I've made proof by induction over $n$ for triangle inequality : $\left \| x+y \right \|_{e}\leq \left \| x \right \|_{e}+\left \| y \right \|_{e}$ ,where $\left \| x \right \|_{e}=\sqrt{\sum_{i=1}^{n}x_{i}^{2}}$ for $x\in \mathbb{R}^{n}$. Is that proof also valid for triangle inequality for $\left \| x \right \|=\sqrt{\sum_{i=1}^{\infty}x_{i}^{2}}$ where $x\in \ell^2, \ell^2=\left\{{x\in\mathbb{R}^{\infty}}:\left \|x\right\|^{2}<\infty\right\}$ ? Maybe I should write down that proof, but I don't believe that induction proof could be also valid in case of infinite spaces.
$\left \| x+y \right \|_{e}\leq \left \| x \right \|_{e}+\left \| y \right \|_{e}$
$\sum_{i=1}^{n}(x_{i}+y_{i})^{2}\leq \sum_{i=1}^{n}(x_{i})^{2}+\sum_{i=1}^{n}(y_{i})^{2}+2\sqrt{\sum_{i=1}^{n}(x_{i})^{2}\sum_{i=1}^{n}(y_{i})^{2}}$
$\sum_{i=1}^{n}x_{i}y_{i}\leq \sqrt{\sum_{i=1}^{n}(x_{i})^{2}\sum_{i=1}^{n}(y_{i})^{2}}$
this is true when the true is that :
$\sum_{i=1}^{n}\left |x_{i}y_{i}\right |\leq \sqrt{\sum_{i=1}^{n}(x_{i})^{2}\sum_{i=1}^{n}(y_{i})^{2}}$
above inequality is true for $n=1$ and we assume that it's true for $n$.

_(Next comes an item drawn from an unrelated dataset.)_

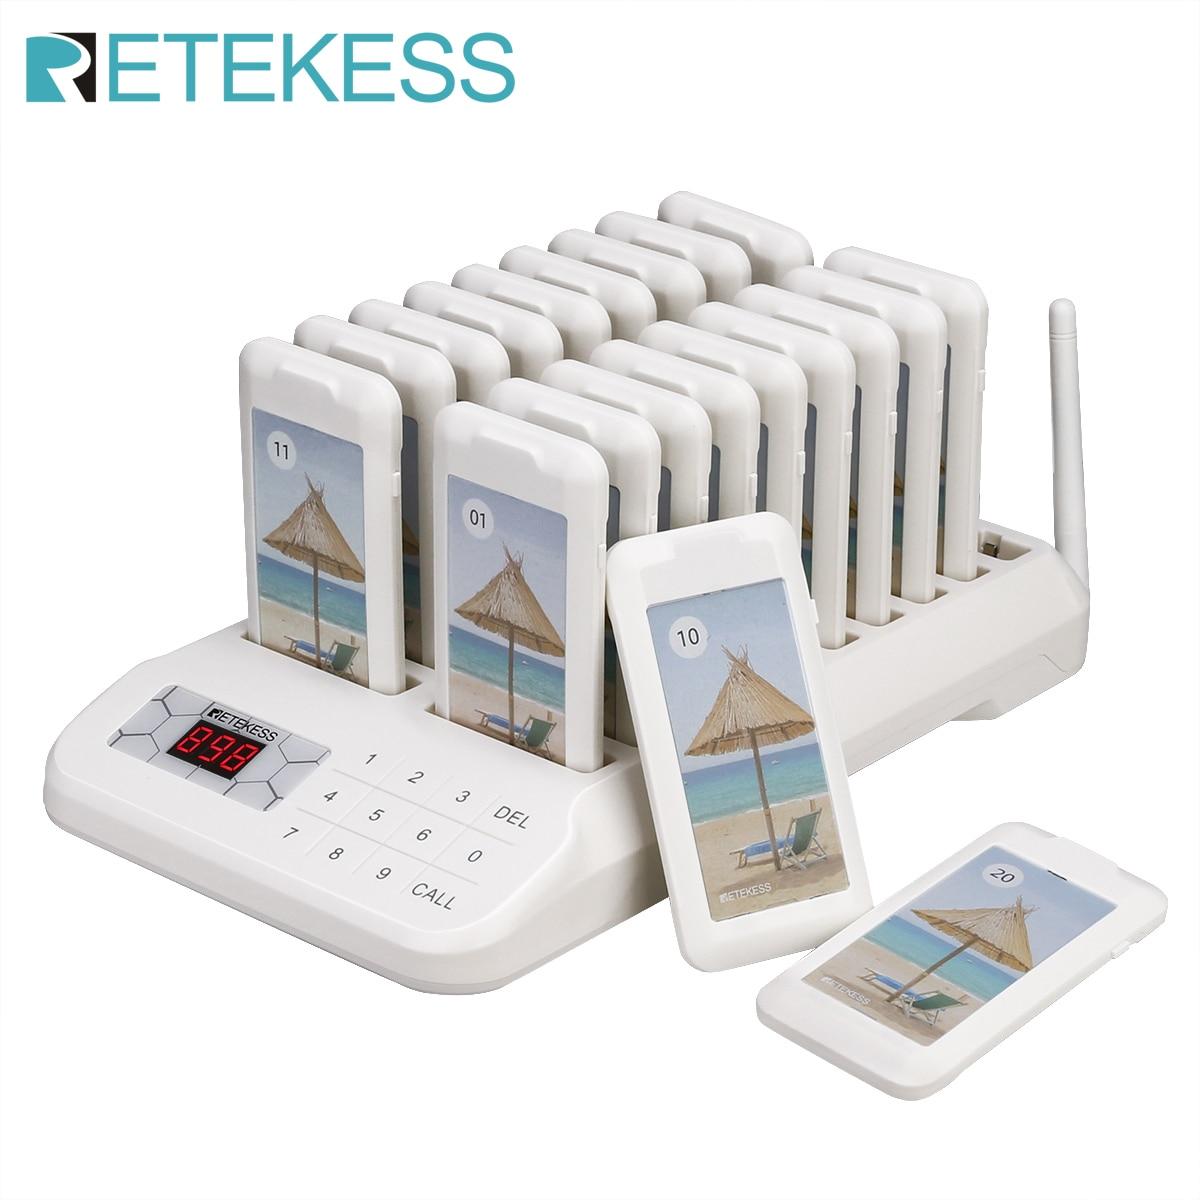 Retekess-TD172 لوحة مفاتيح تعمل باللمس مع 20 جهاز استقبال للمطعم ونظام الاتصال اللاسلكي للكنيسة والمقهى والمستشفى

For $n+1$ we get : $\sum_{i=1}^{n}\left |x_{i}y_{i}\right |+\left |x_{n+1}y_{n+1}\right |\leq \sqrt{\sum_{i=1}^{n}(x_{i})^{2}\sum_{i=1}^{n}(y_{i})^{2}+x_{n+1}^{2}\sum_{i=1}^{n}(y_{i})^{2}+y_{n+1}^{2}\sum_{i=1}^{n}(x_{i})^{2}+x_{n+1}^{2}y_{n+1}^{2}}$
using induction assumption we get :
$\sum_{i=1}^{n}\left |x_{i}y_{i}\right |+\left |x_{n+1}y_{n+1}\right |\leq \sqrt{\sum_{i=1}^{n}(x_{i})^{2}\sum_{i=1}^{n}(y_{i})^{2}}+\left |x_{n+1}y_{n+1}\right |\leq \sqrt{\sum_{i=1}^{n}(x_{i})^{2}\sum_{i=1}^{n}(y_{i})^{2}+x_{n+1}^{2}\sum_{i=1}^{n}(y_{i})^{2}+y_{n+1}^{2}\sum_{i=1}^{n}(x_{i})^{2}+x_{n+1}^{2}y_{n+1}^{2}}$
now we take cube of both sides and annihilate what we can, in result we get that 0=<(...+...)^2 so inequality is hold.
So is this proof valide for infite spaces ?